WHAT NEEDS TO BE DONE - Leave out the pictures and restate the rest of the data exactly.

RECORDED DATA -
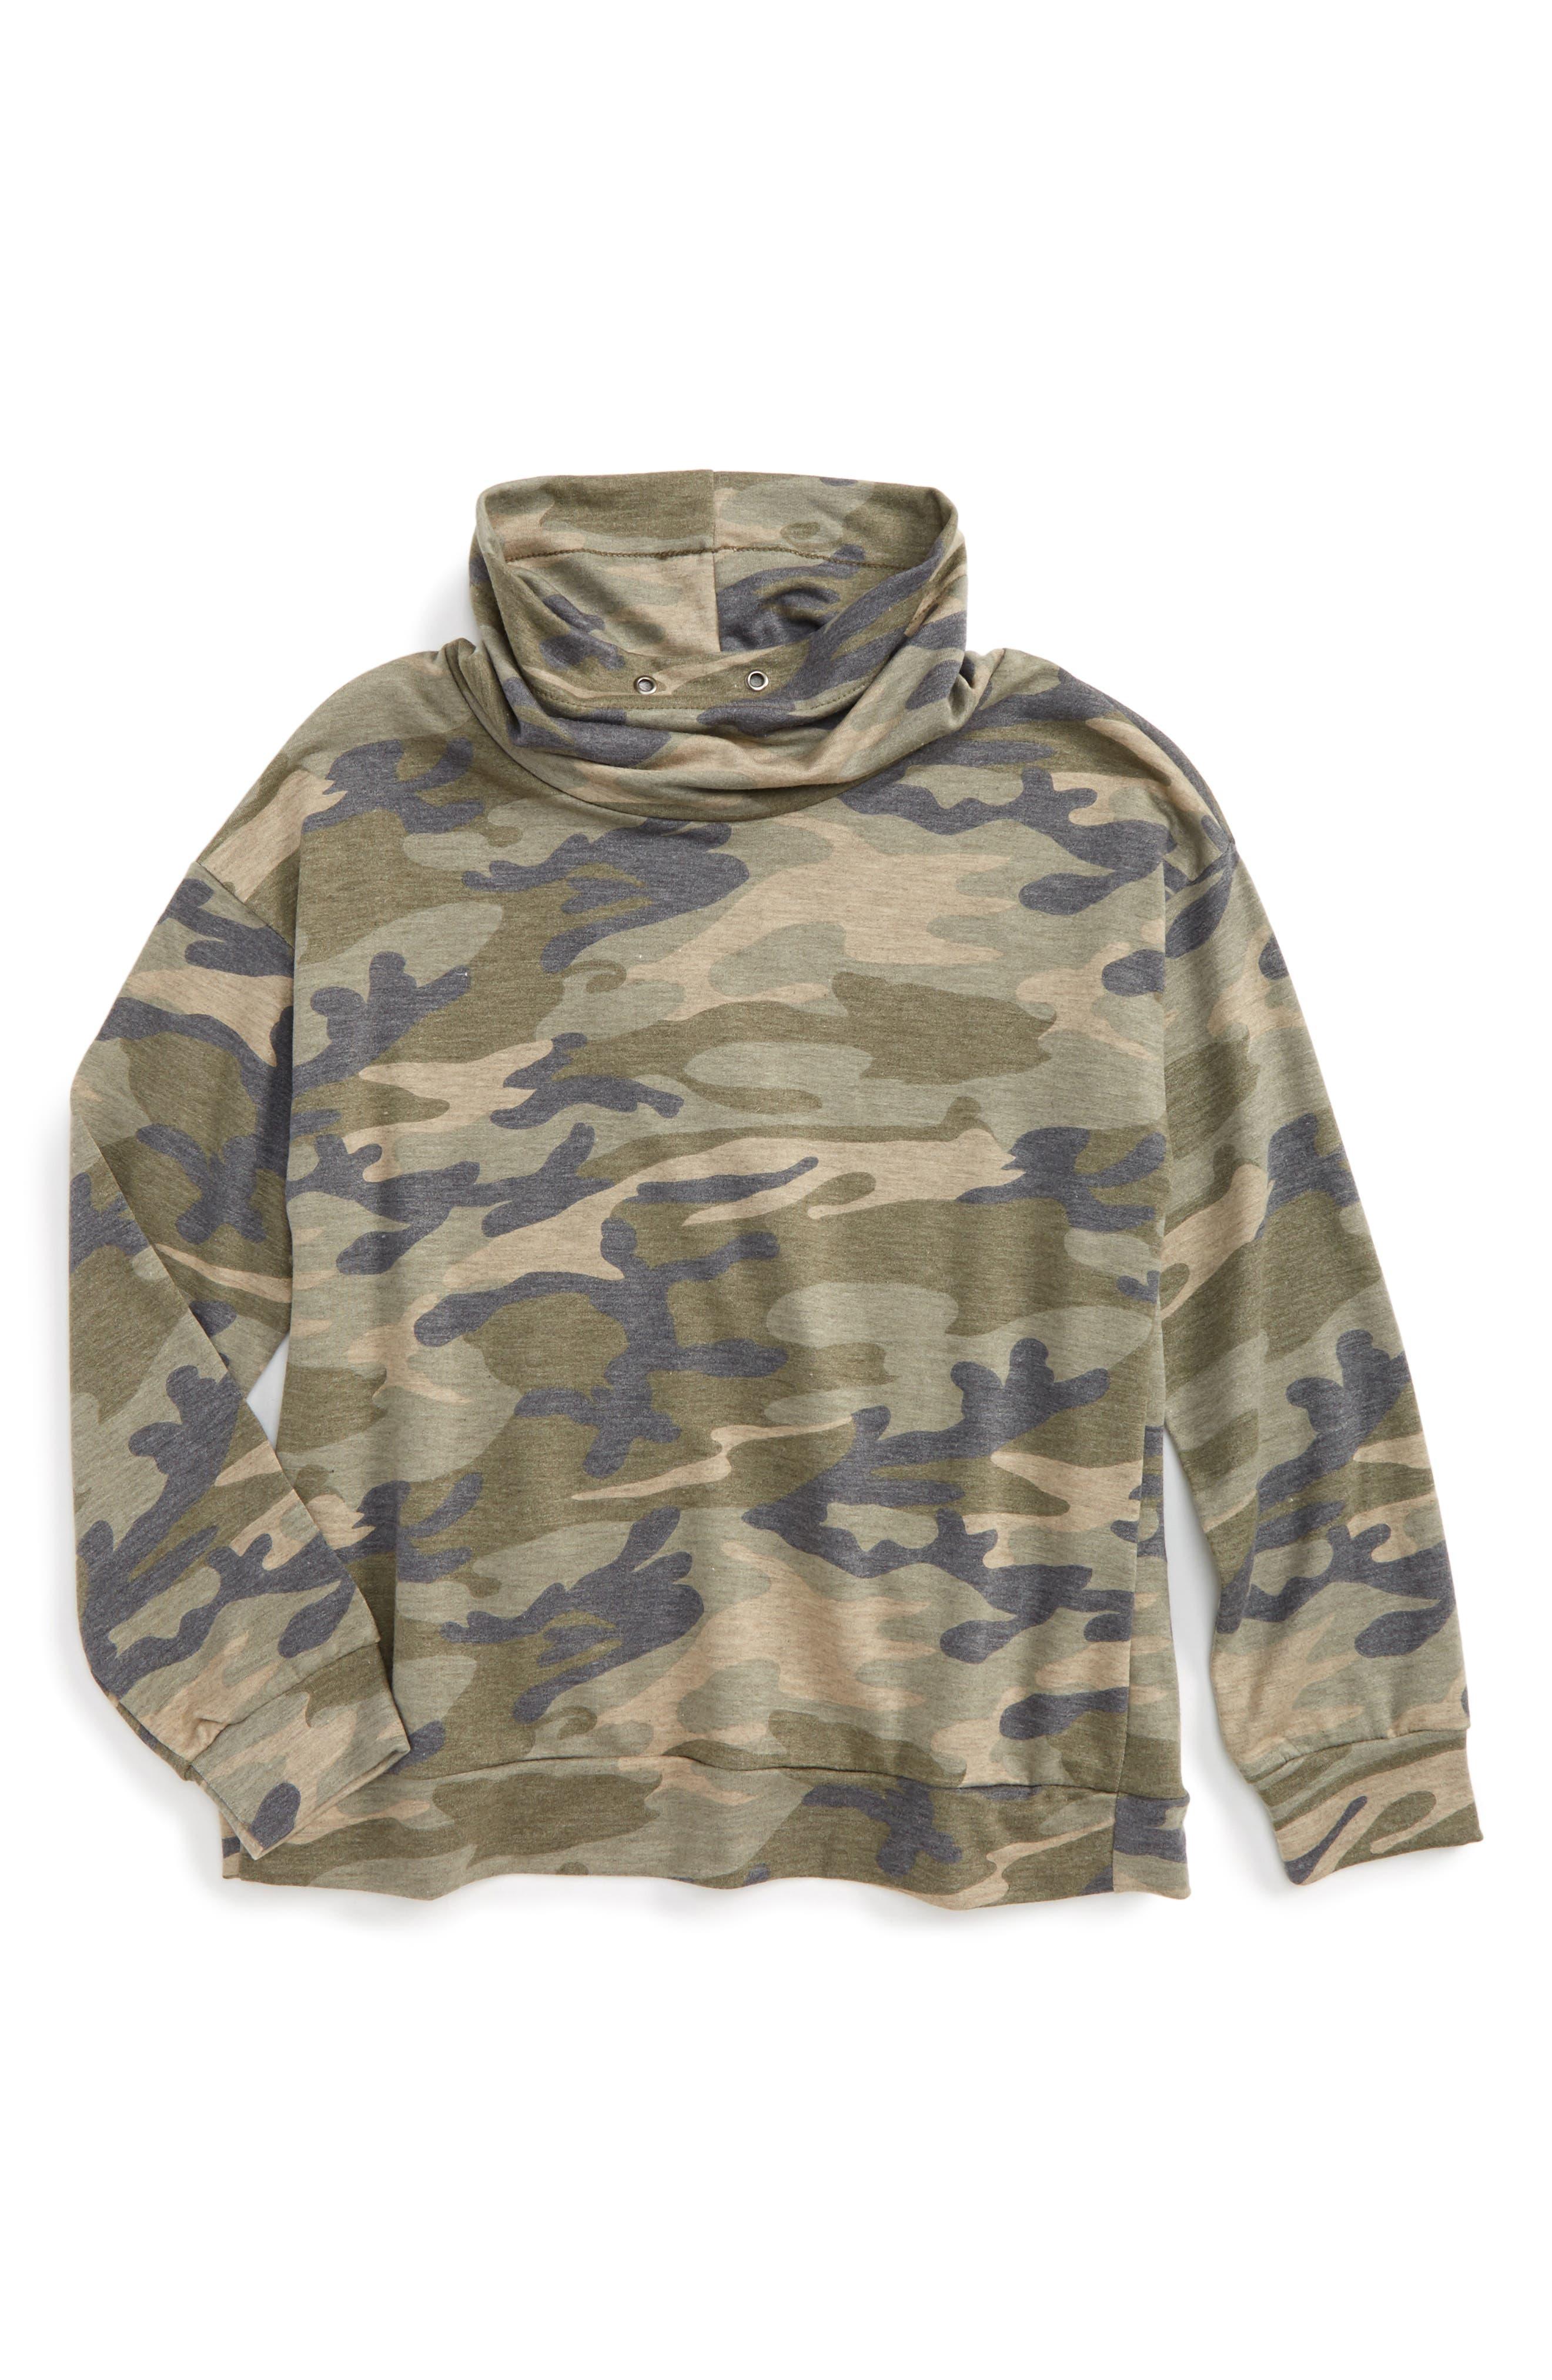 Camo Print Cowl Neck Sweatshirt,                         Main,                         color, 073 Military
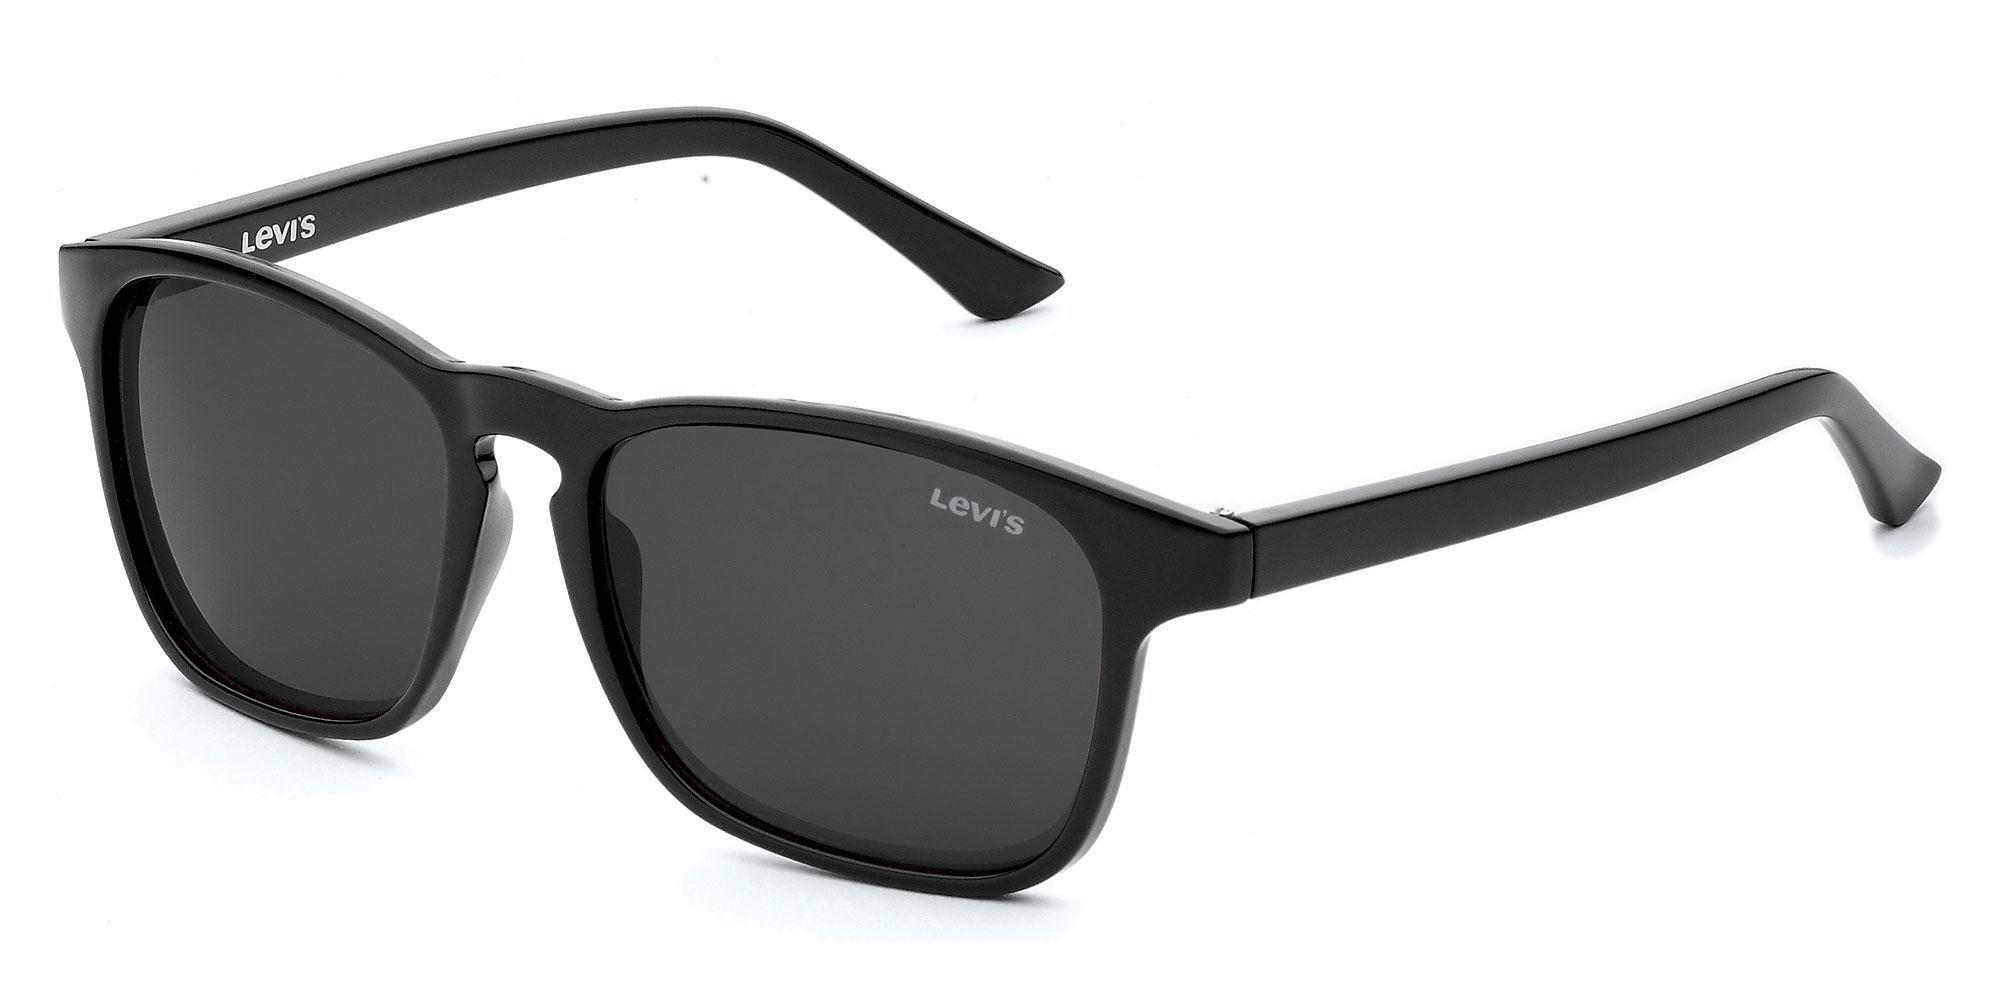 LO22161/01 LO22161 Sunglasses, Levi's Eyewear
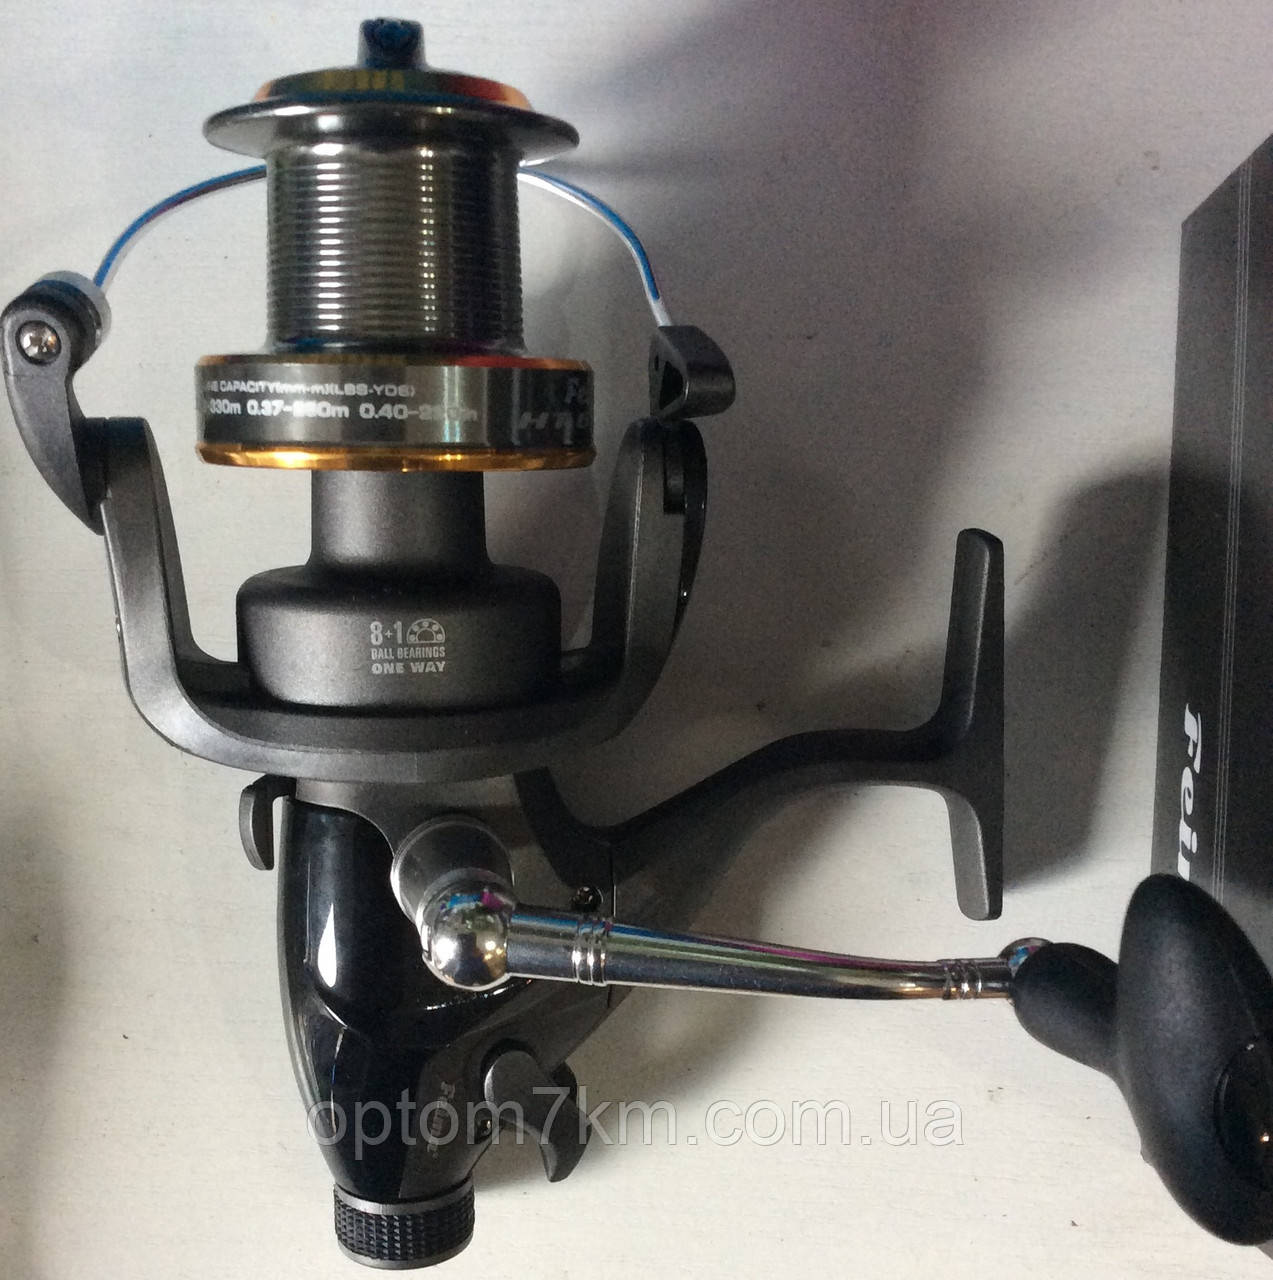 Катушка с байтранером Feima HT-6000, 8+1bb мет
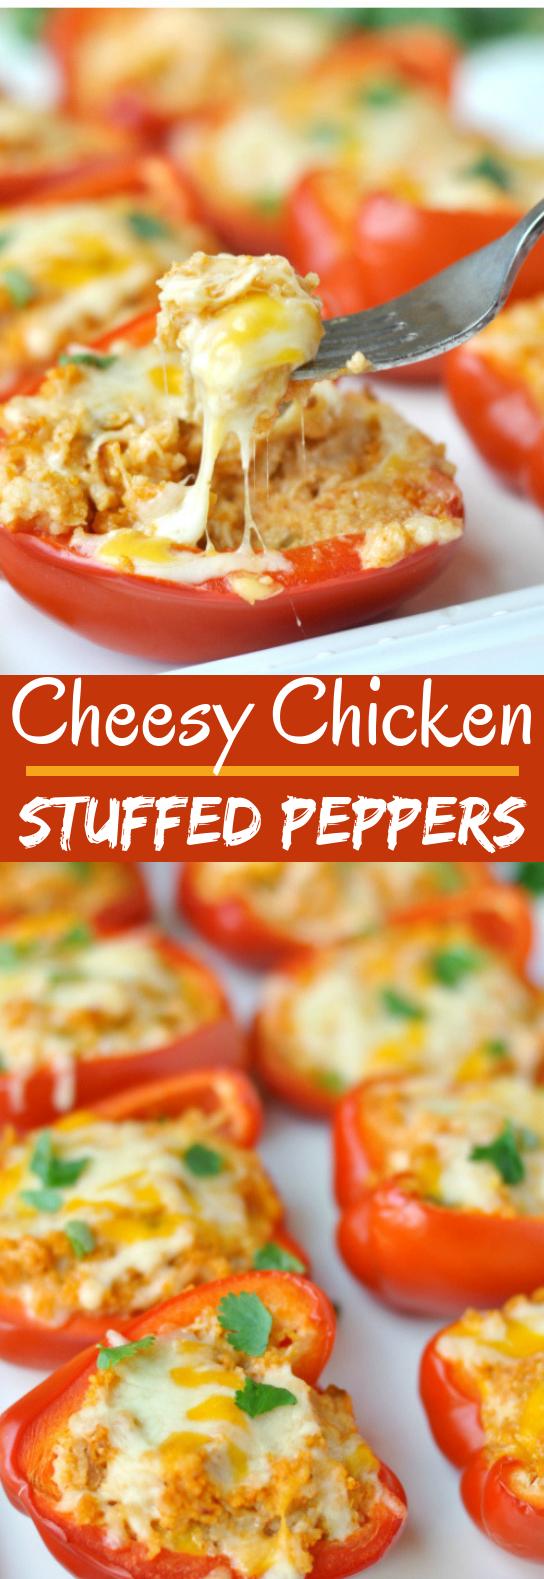 Cheesy Chicken Stuffed Peppers #keto #dinner

FINISHED EXERCISE -
 Camo Print Cowl Neck Sweatshirt,                         Main,                         color, 073 Military
 LO22161/01 LO22161 Sunglasses, Levi's Eyewear
 Катушка с байтранером Feima HT-6000, 8+1bb мет
 Cheesy Chicken Stuffed Peppers #keto #dinner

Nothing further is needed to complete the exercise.